Prof. Paczkowski: nie zetknąłem się z fałszowaniem teczek
Prof. Andrzej Paczkowski, historyk badający m.in. akta służb specjalnych PRL, nie zetknął się nigdy z ich fałszowaniem, choć nie wyklucza, że mogło do tego dochodzić zarówno przed 1989 r., jak i po tej dacie.
02.06.2006 | aktual.: 02.06.2006 17:17
Zalogowani mogą więcej
Możesz zapisać ten artykuł na później. Znajdziesz go potem na swoim koncie użytkownika
Nie zetknąłem się też, by ktoś z moich kolegów spotkał się z takim fałszerstwem - powiedział Paczkowski. Dodał, że historyk ma instrumenty, by wyśledzić ewentualne fałszerstwo, pod warunkiem bardzo dobrej znajomości obiegu materiałów archiwalnych służb specjalnych PRL.
Z kolei szef działającego od 1999 r.
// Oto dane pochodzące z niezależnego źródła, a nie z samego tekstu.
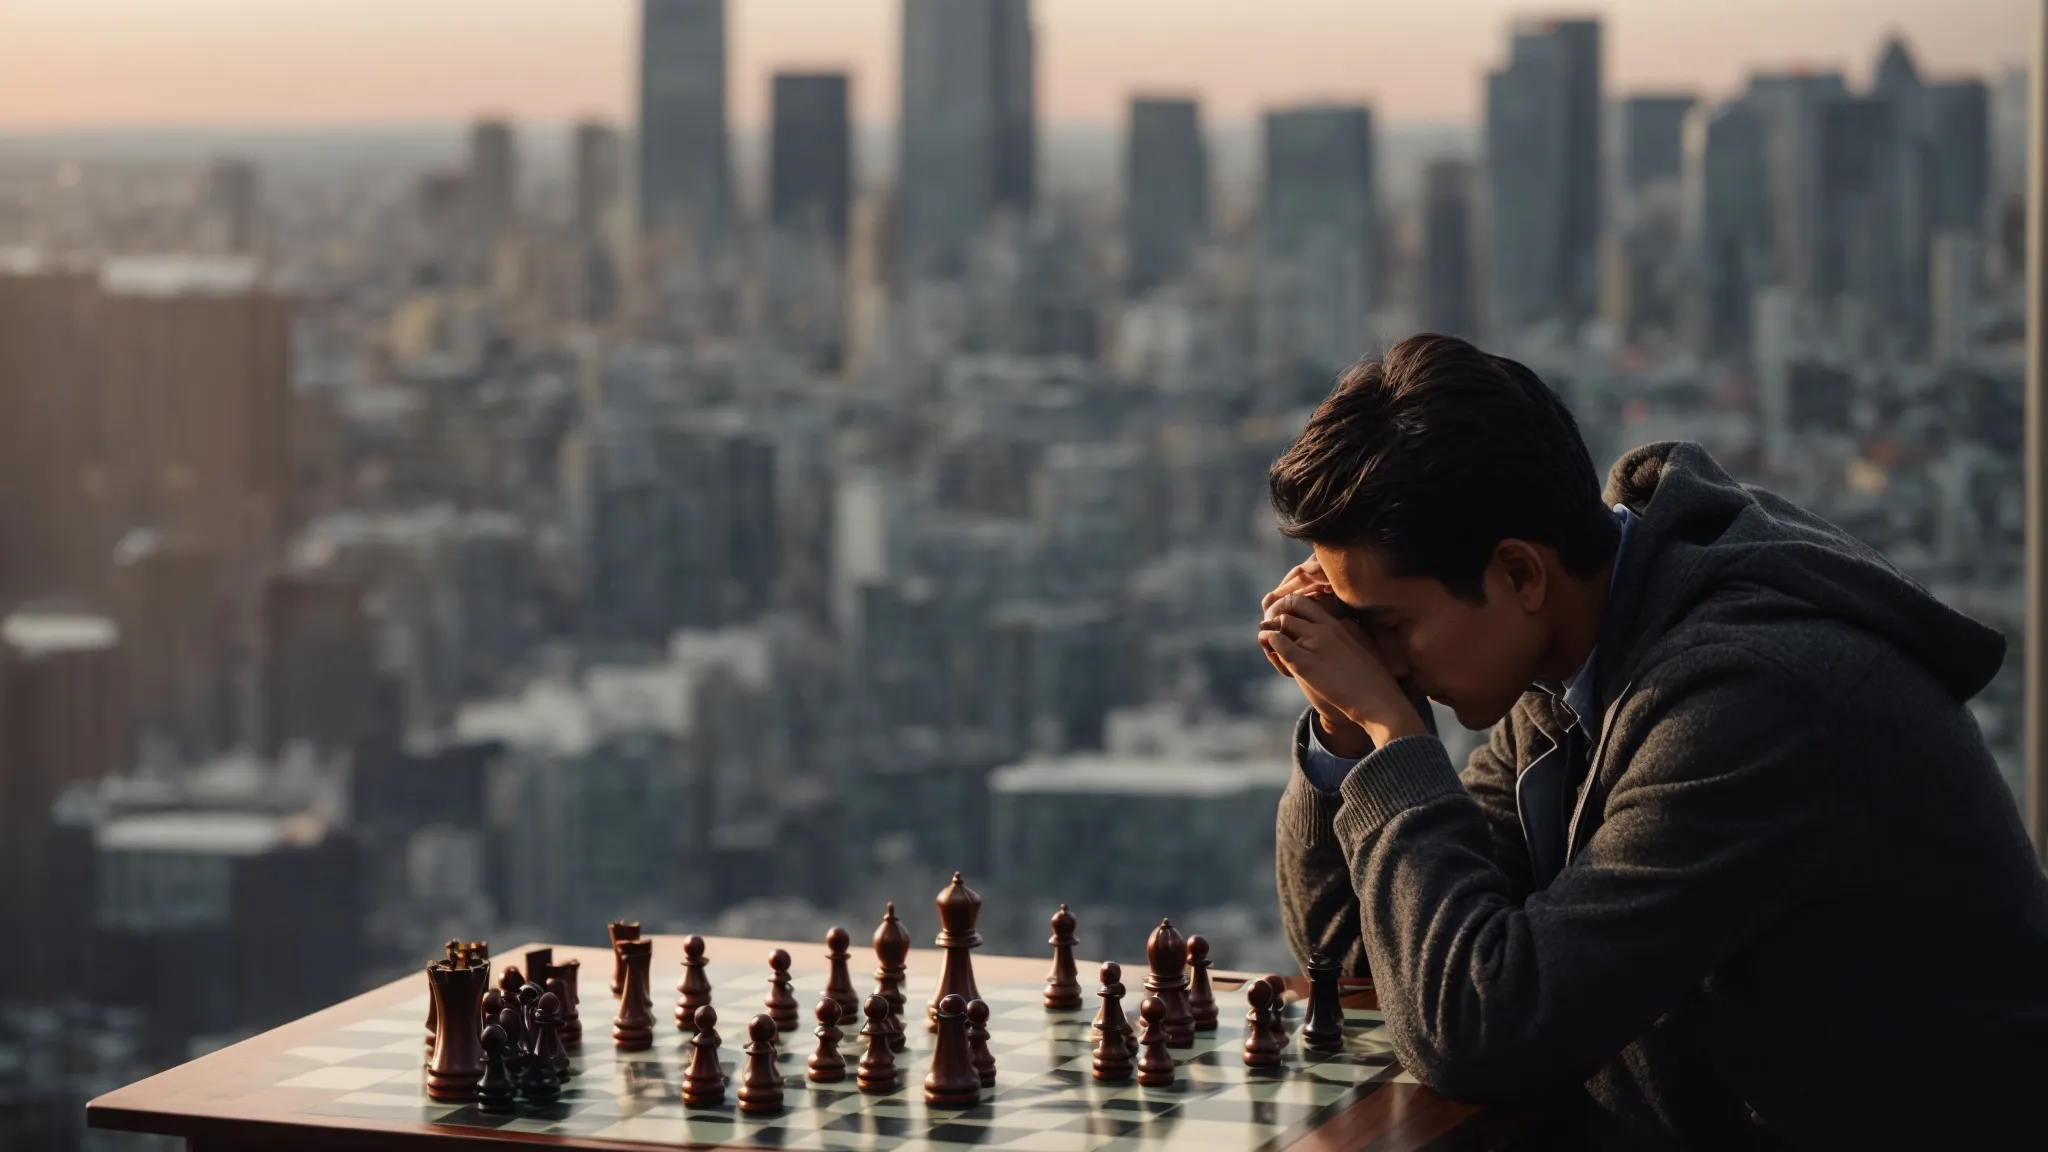 a chess player contemplatively making a strategic move on a chessboard against a blurred city skyline backdrop.

Sądu Lustracyjnego Zbigniew Puszkarski powiedział, że "nie przypomina sobie", by doszło do wykrycia przez sąd zamierzonego fałszerstwa akt służb specjalnych PRL.
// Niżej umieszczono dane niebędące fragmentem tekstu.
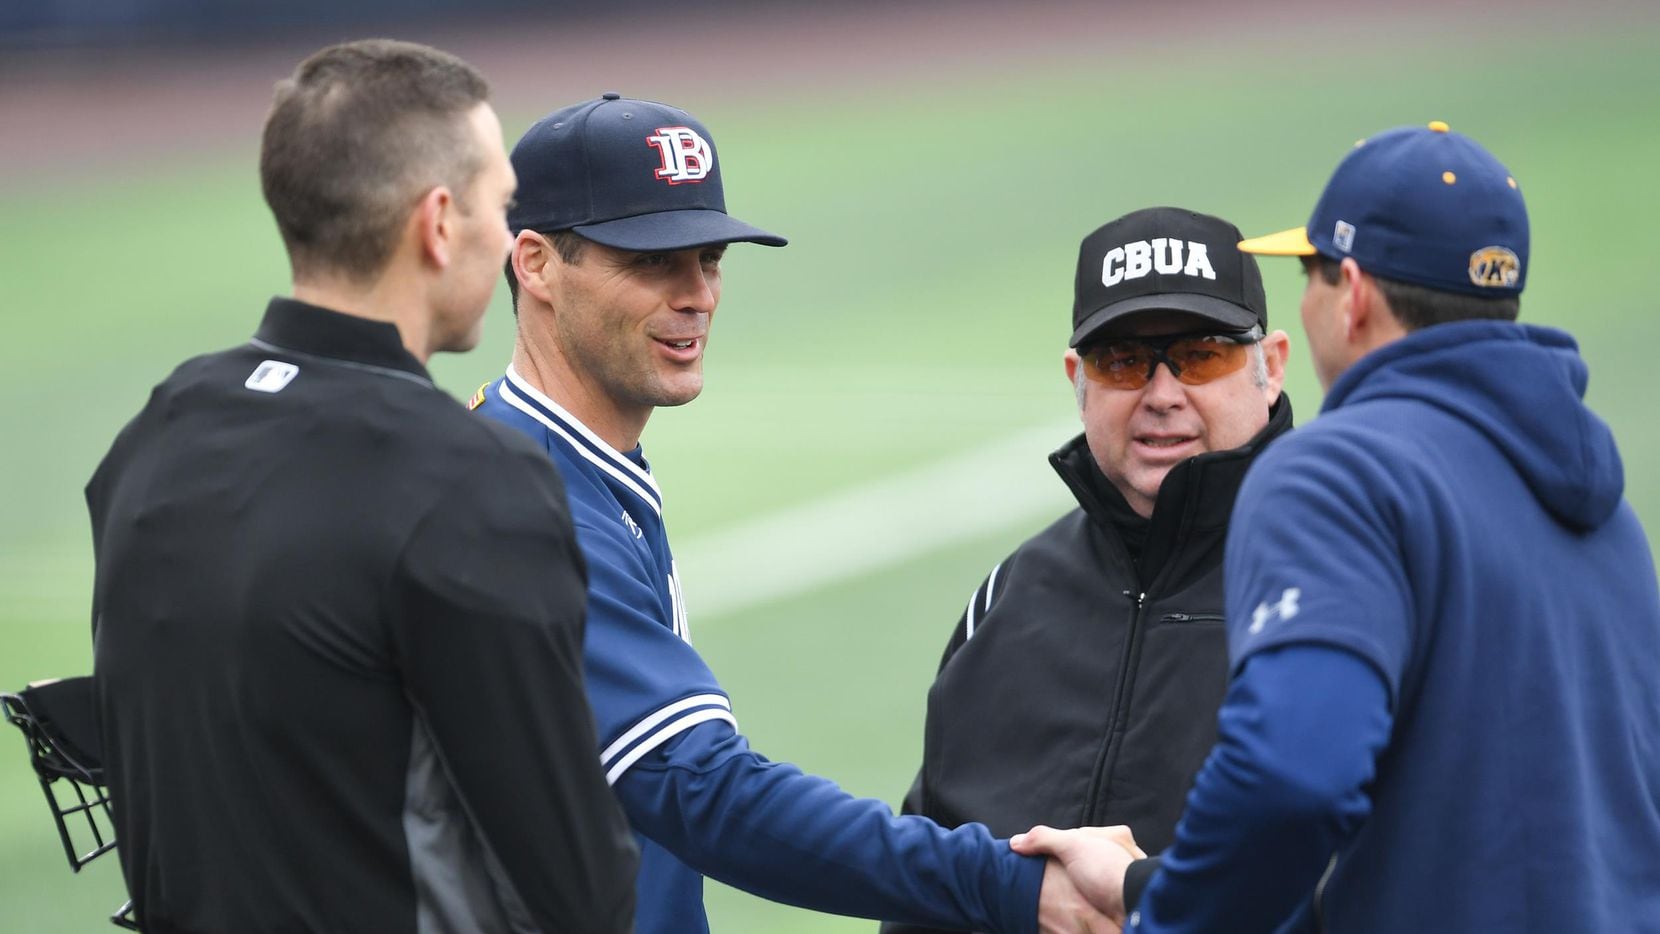 Dallas Baptist head coach Dan Heefner greets the opposing coach and umpires at home plate....

Dodał zaś, że były sytuacje, "choć nie częste", iż sąd uznawał za niewiarygodne zapiski oficerów SB, dokonywane na podstawie rozmów z osobą, która miała być agentem. W świetle innych dowodów takie zapisy okazywały się czasem niewiarygodne - oświadczył sędzia. Dodał, że autentyczność własnoręcznych raportów osób lustrowanych sąd potwierdzał dokonując ich ekspertyz grafologicznych.
Najgłośniejszym zamierzonym fałszerstwem SB były wytworzone w początku lat 70. "fałszywki" o rzekomej współpracy z hitlerowcami ówczesnego szefa Rozgłośni Polskiej Radia Wolnej Europa Jana Nowaka-Jeziorańskiego. SB podrzucało je jego przeciwnikom na emigracji.
Jak ustalił na podstawie akt IPN historyk PRL Paweł Machcewicz, źródłem tej "największej kampanii dezinformacyjnej służb PRL", był Wiktor Trościanko, zasłużony dziennikarz Wolnej Europy - w latach 1965-1971 informator wojskowych służb specjalnych PRL. To właśnie on doradził wywiadowi PRL atak na Nowaka-Jeziorańskiego "przy poparciu dokumentami". Wywiad PRL sporządził "fałszywkę" w tej sprawie, którą rozesłano do ważnych osób z emigracji.
Te właśnie "fałszywki" były podstawą ataku w 2001 r. szefa Kongresu Polonii Amerykańskiej Edwarda Moskala na Nowaka- Jeziorańskiego, którego oskarżył on o kolaborację z hitlerowcami podczas wojny.
Sprawę bada pion śledczy IPN, o co w 2001 r. wystąpił już nieżyjący Nowak-Jeziorański po oskarżeniach Moskala. W 2004 r. IPN prawomocnie zakończył sprawę rzekomej współpracy Nowaka- Jeziorańskiego z okupantem. Nie ma nawet cienia dowodu na taką współpracę - mówił wtedy szef pionu śledczego IPN prof. Witold Kulesza. Dodawał natomiast, że nadal trwa ustalanie, kto ze służb specjalnych PRL odpowiada za tę prowokację.
Ja się nie boję; nic nie wiem o śledztwie IPN w tej sprawie - mówił w 2004 r. agent PRL w Radiu Wolna Europa kpt. Andrzej Czechowicz.